Она сама забрала горстью свою грудь, и дала ее, почти впихнула ему в рот. В постели все жаждущие любовных ласк женщины, королевы и пастушки где-нибудь в горах, были одинаковы, и королевы, надо сказать, стеснялись при этом много меньше.
Выходя из королевской опочивальни, Косса с невольной горечью отметил в себе — йет, не потерю сил, а потерю того острого интереса к наслаждению, которое было у него в двадцать лет, к древнему, повторяемому со времен Евы действу, благодаря которому только и продолжается жизнь на Земле. «Неужели старею?» — помыслил он, нахмурясь в душе. А интересно, сколько до него было любовников у Иоланты?
Во главе союзного войска Бальтазар Косса стал сам. По суткам не слезая с седла, всюду успевая и все улаживая. Приходилось мирить кондотьеров, ублажать нравного Людовика Анжуйского, ободрять ополчения городов, изыскивая продовольствие для прокорма рати и в то же время схватками и фланговыми ударами отбрасывая все дальше неаполитанские войска. Он и сам не раз кидался в стычки, как встарь лез на абордаж, в упоительном восторге боя рубил и колол, срывая голос, собирал дрогнувшие ряды и вел конницу в головокружительные напуски, проламывая вражьи ряды. Он похудел, почернел, помолодел, глаза глядели безумно и неумолимо. Солдаты по его слову, ощущая тот же передающийся им огонь, бестрепетно шли под ливень стрел, уставя алебарды и копья, и одолевали! Были захвачены Орвиетто, Витербо, Монте-фиасконе, Корнето, Сутри, Нарни и Тоди. Армия неудержимо катилась вперед. В последний день сентября войска Коссы окружили Рим. Первого октября был занят собор Святого Петра и папский дворец, а еще через несколько дней замок Ангела.
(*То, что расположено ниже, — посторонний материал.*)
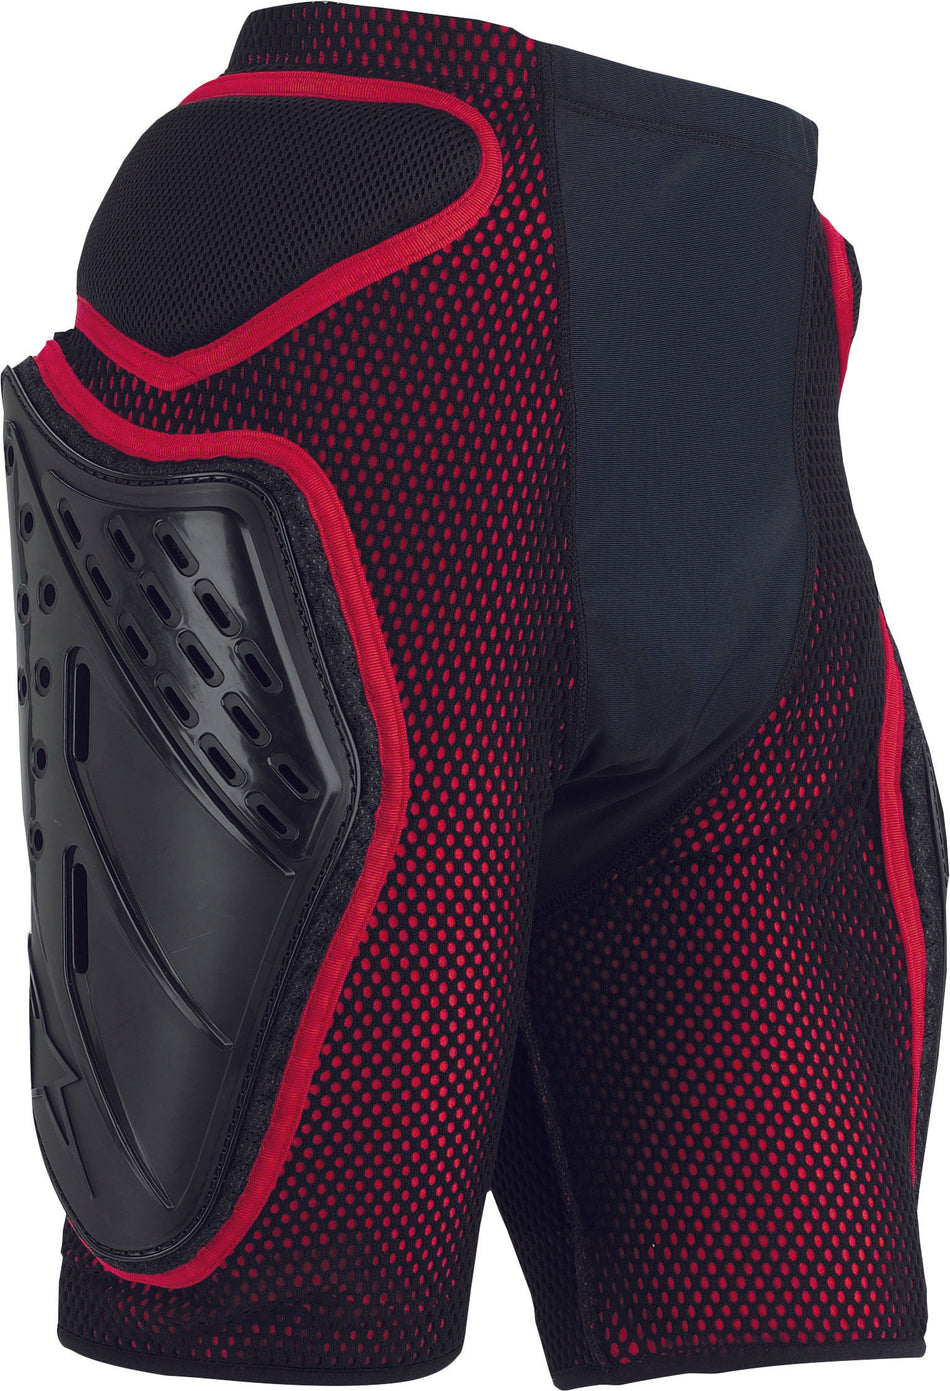 ALPINESTARS Freeride Shorts Black/Red Md 650707-13-M

Три месяца продолжалась блокада. Пошли дожди. В городе заканчивалось продовольствие.
Второго января, в редком порхающем снегу, который под копытами лошадей тут же превращался в грязь, ворота столицы западного христианства открылись перед войсками Коссы. (Окончательно очищен город был к 1 мая 1410 года.)
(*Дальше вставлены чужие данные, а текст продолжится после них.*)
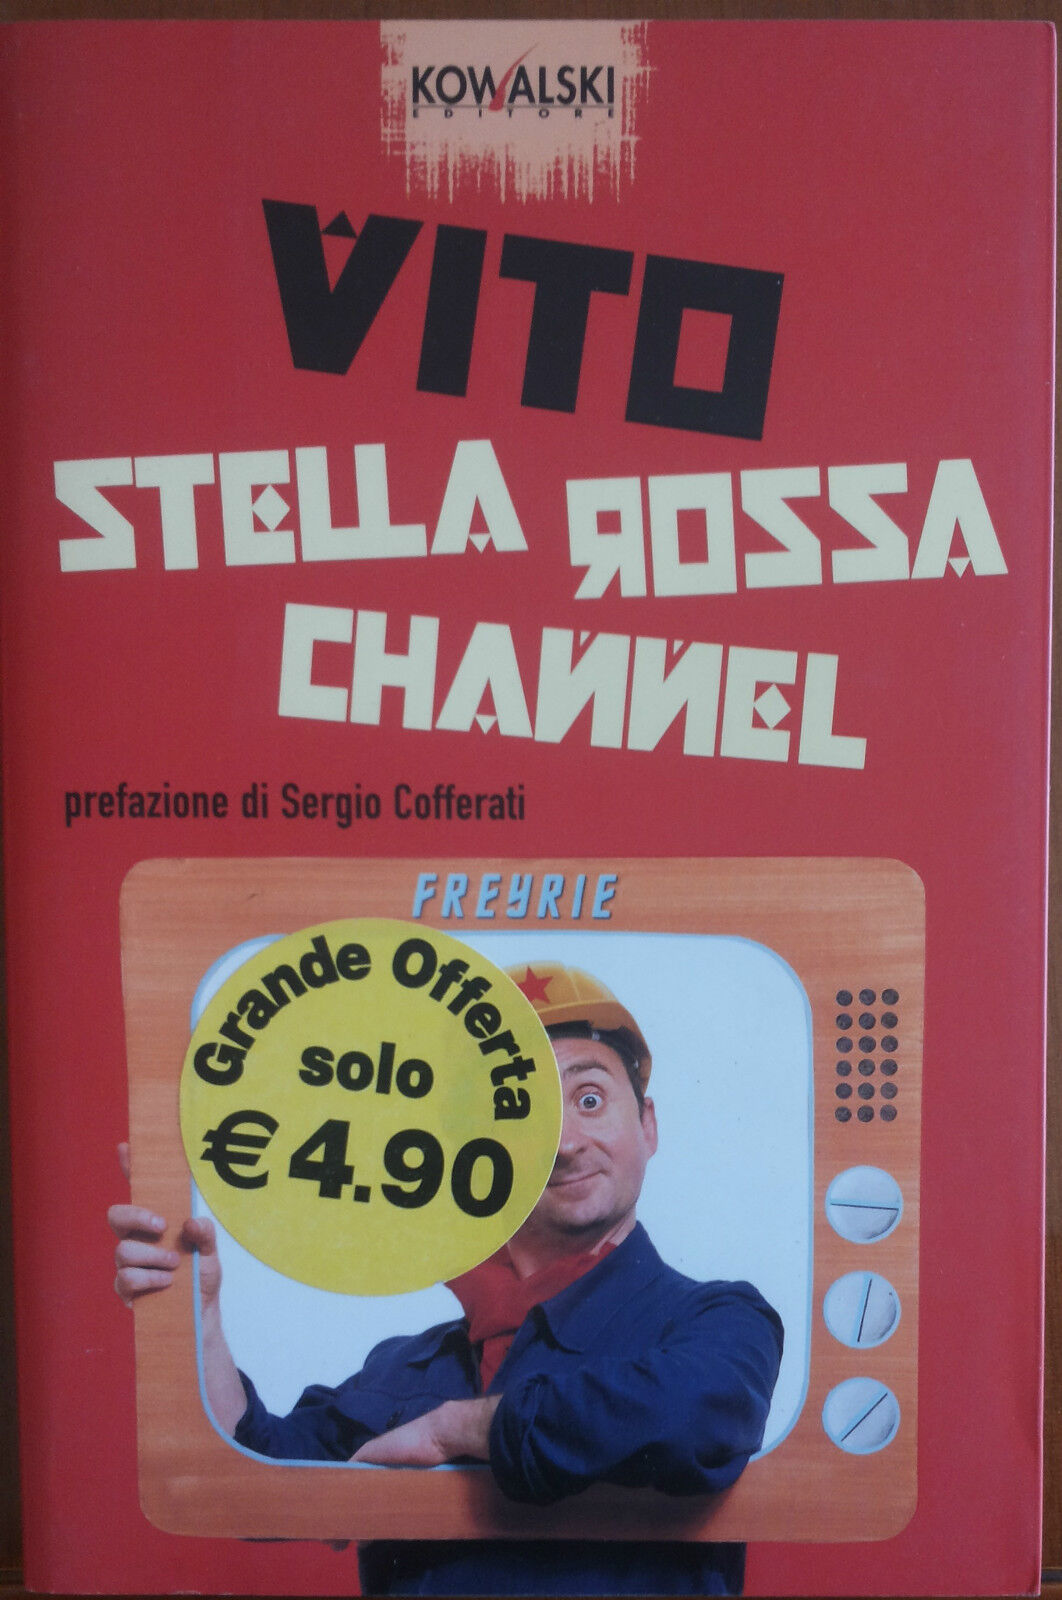 Stella rossa channel - Francesco Freyrie,Vito - Kowalski,2005 - A

Косса тотчас послал депешу Александру V: «Рим свободен!». Пришла и еще одна радость: папу Александра V признал венгерский король Сигизмунд и правители государств Германии, раньше не признававшие его. Теперь Филарга не считали папой только в вотчине Бенедикта XIII, Кастилии и Арагоне, да в Неаполитанском королевстве продолжал сидеть Григорий XII.
Удручало Александра V лишь отсутствие денег. Но деньги давал Косса, и деньги шли на бесконечные пышные обеды… Филарг ударился в гастрономические изыски!
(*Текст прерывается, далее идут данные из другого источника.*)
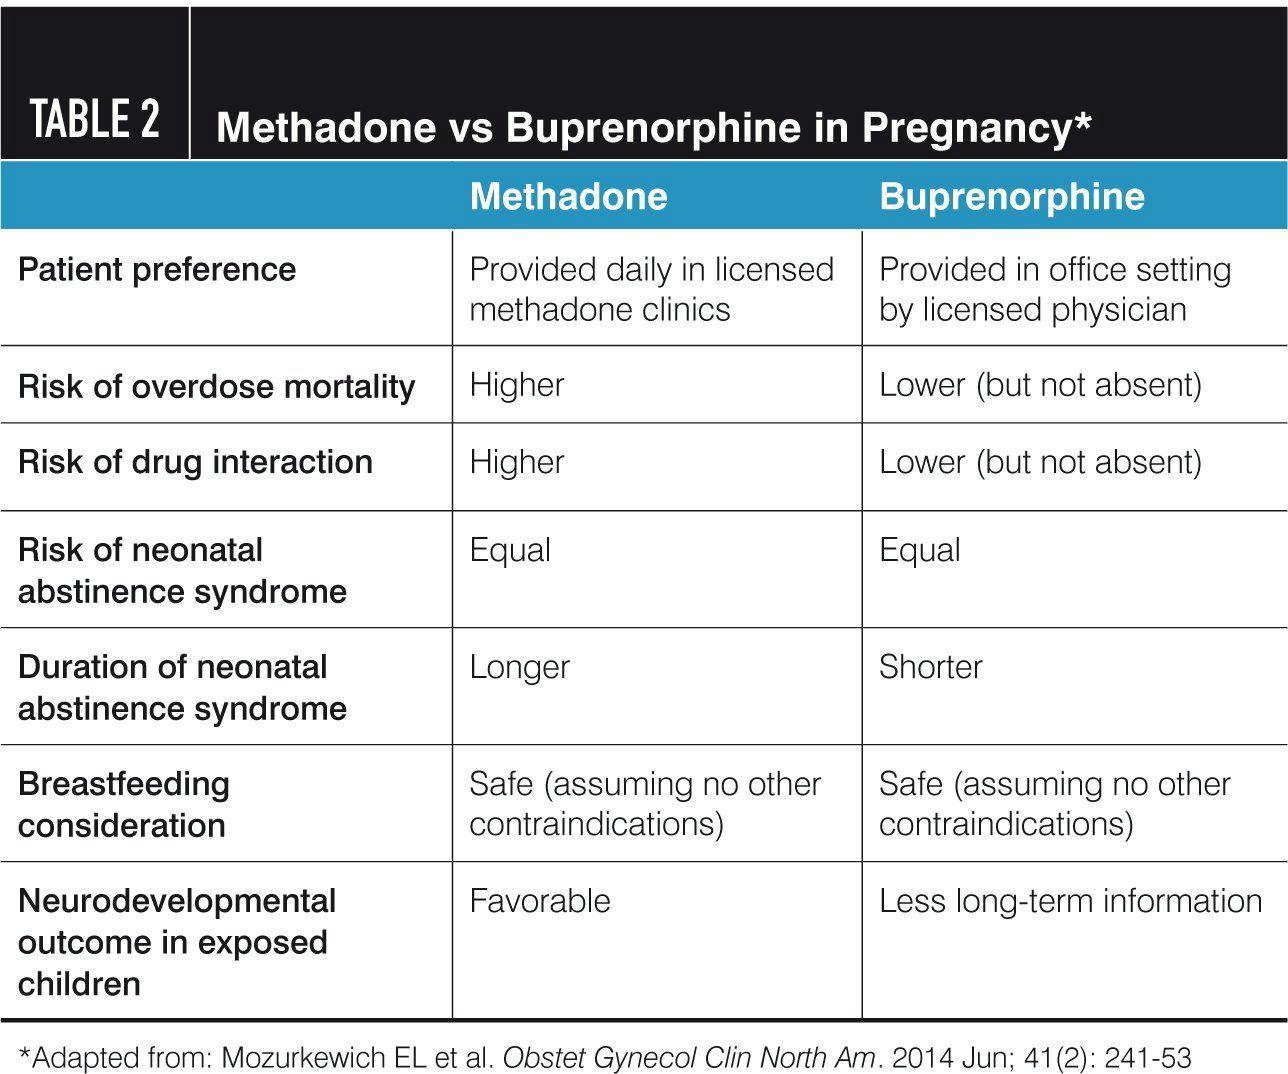 Methadone buprenorphine

Любопытно, как ведут себя люди, добравшись до предела своих мечтаний.
Могучие завоеватели обычно погружаются в строительство, возводя огромные сооружения, типа города Суярвармана Ангкор Вата, или терм Каракаллы и дворцов и храмов Юстиниана Великого.
Какая-нибудь дама, исполнившая мечту повстречаться с английской королевой и принять благословление от самого папы римского, садится вязать носки.
Разбогатевший купец, ежели не строит храмов, то пускается в запой (и это еще не худший вариант!). А знаменитый ученый, звезда парижского университета, достигнув папского звания, предался обжорству, причем его обеды затягивались на многие часы, и у поваров уже не хватало фантазии выдумывать все новые блюда — sic transit gloria mundi!
Александр-Филарг рвался в Рим, в самом деле не понимая, почему ему нельзя туда воротиться, раз Рим освобожден?
— Нельзя! — отвечал Косса. — Перуджа, Остия и Тиволи еще в руках Владислава. Безопаснее пока оставаться в Болонье!
И папа переехал в Болонью.
Против Владислава была сочинена булла, со многими обвинениями. В частности в том, что он арестовал и заключил в тюрьму братьев Бальтазара: Микеле и Джованни, и двух его племянников, сыновей Гаспара Коссы. Судя по всему, Владиславу удалось захватить Искию.
В это время в тылу у Коссы, в Форлимпополи, поднял восстание бывший правитель, и Косса устремился туда, хорошо помня нелюбовь к себе жителей Форли. Восстание удалось подавить. Но, воротившись, Косса застал Александра V больным.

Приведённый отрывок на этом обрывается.